Like all families, mine has its share of tragedy. My mother's great-grandmother, Florida (Perilloux) Meyer-Lévy, was widowed at the young age of 37, and unlike the redoubtable Sarah never married again. Her husband was apparently an unreliable sort, a breeder of horses who "made bad deals while drunk" (this sort of thing seems to run in my family). Florida was left penniless with nine children, four of them under the age of ten, at his death. She rented out her home as an inn, making enough to squeak by, but ultimately had to sell the house and ended her life as a domestic servant. Here's a photo of her, taken shortly before her death at age 77 -- can't you see the hard times etched into her face?

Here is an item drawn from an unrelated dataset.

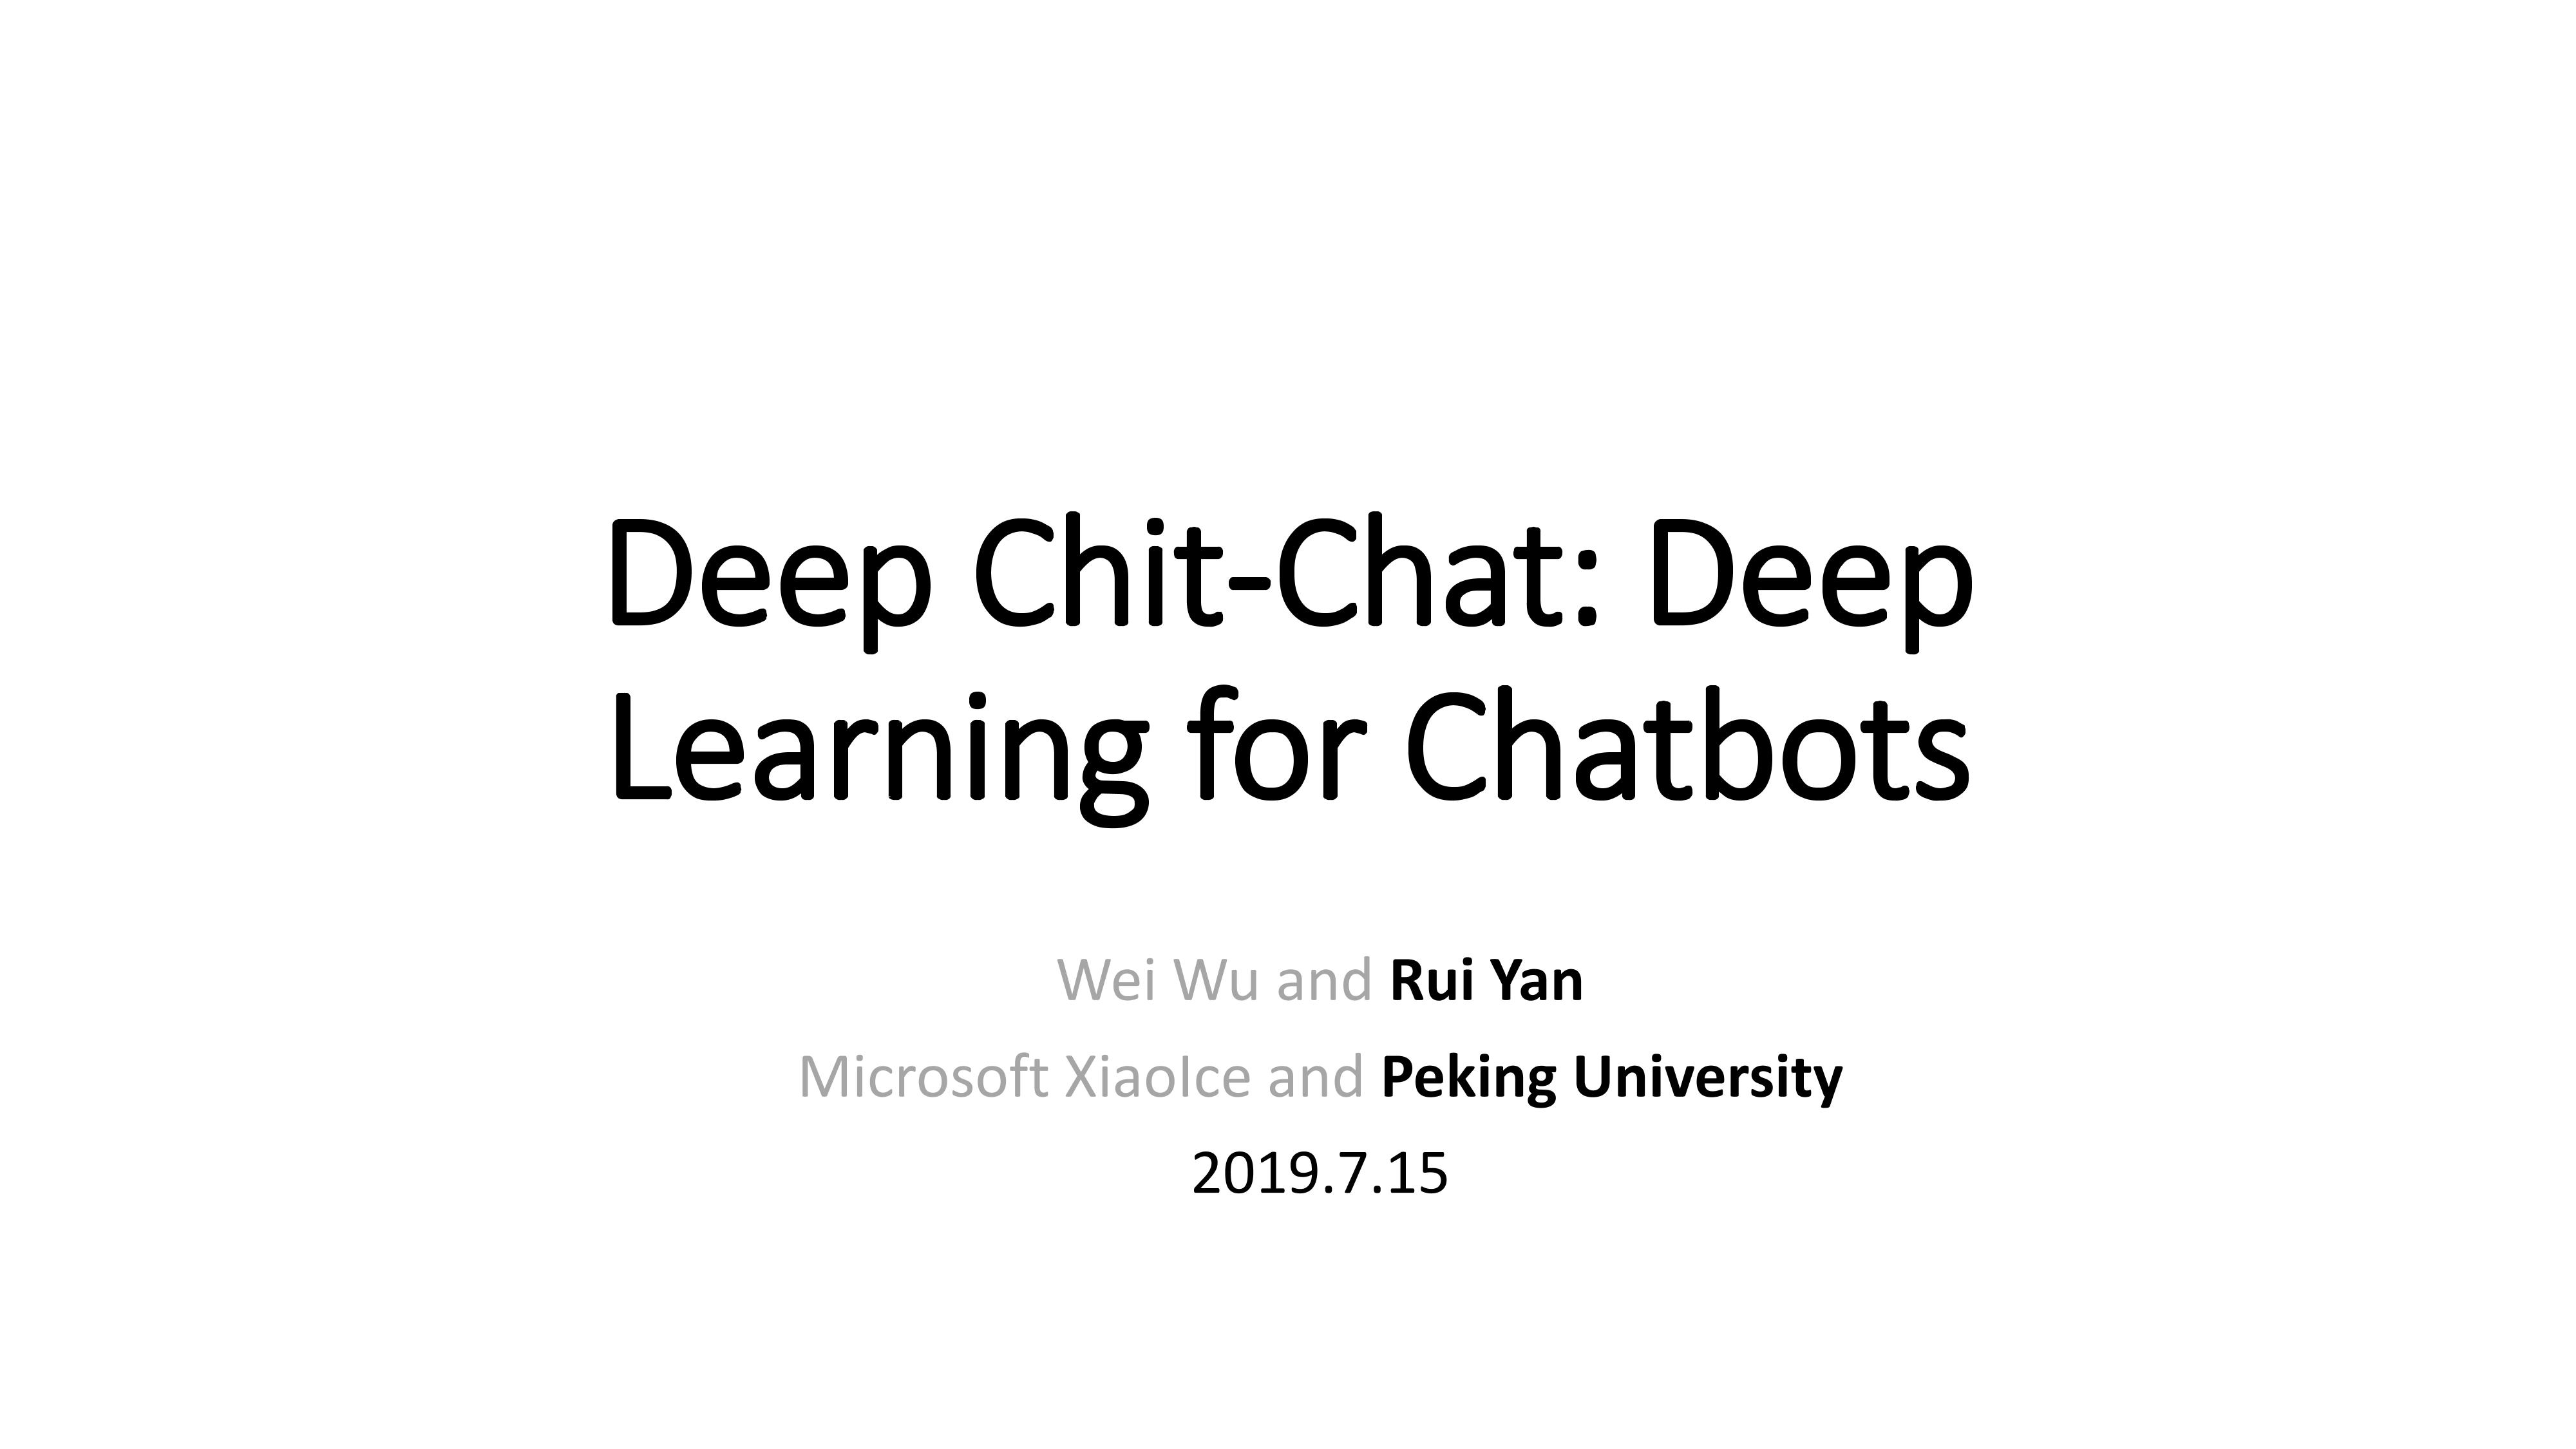 问答与对话-技术与系统之人工智能在人机对话系统中的技术现状与挑战【严睿】第十四届中国中文信息学会暑期学校暨中国中文信息学会《前沿科技讲习班》ATT第14期

It's tempting to be all edified by her tale, and see in it stalwart courage and an indomitable nature, but in reality, who knows how she dealt with her adversity? She died when my mother was only three years old, and according to my mom and her cousins, no one much talked about that side of the family. So anything I could extract about her character from what I know of her life would only be a surmise, with no more anchor in reality than the happy Pilgrims and Natives eating turkey together on the First Thanksgiving.
The truth, of course, is something you can't really tell from looking at a family tree; my ancestry, like everyone's, is made up of a broad cast of characters, kind and nasty, rich and poor, honest and dishonest, servant and master. We're too quick to jump into fairy tales about noble blood and hereditary lordship, without keeping in mind that a lot of those noble lords were (frankly) nuttier than squirrel shit. Pride in ancestry has all too often slipped into racism and tribalism and xenophobia, and realistically speaking, it's not even justifiable on a factual basis.
Anyhow, those are my thoughts on Thanksgiving. We're all the products of a mixed bag of forebears, and if you go back far enough -- honestly, only four thousand years or so, by most anthropologists' estimates -- we're all related, descending from the same pool of ancestors who "fucked successfully at least once." No real point of pride there, or at least, nothing that you should feel superior about.
Much more important, really, how we treat others here and now.
So for those of you celebrating, I hope you enjoy your meals, and I hope you all stay healthy and happy in these fractious times. Take care of those around you -- let that be the legacy we leave behind, and maybe our descendants a hundred years from now will remember at least a little bit about who we were.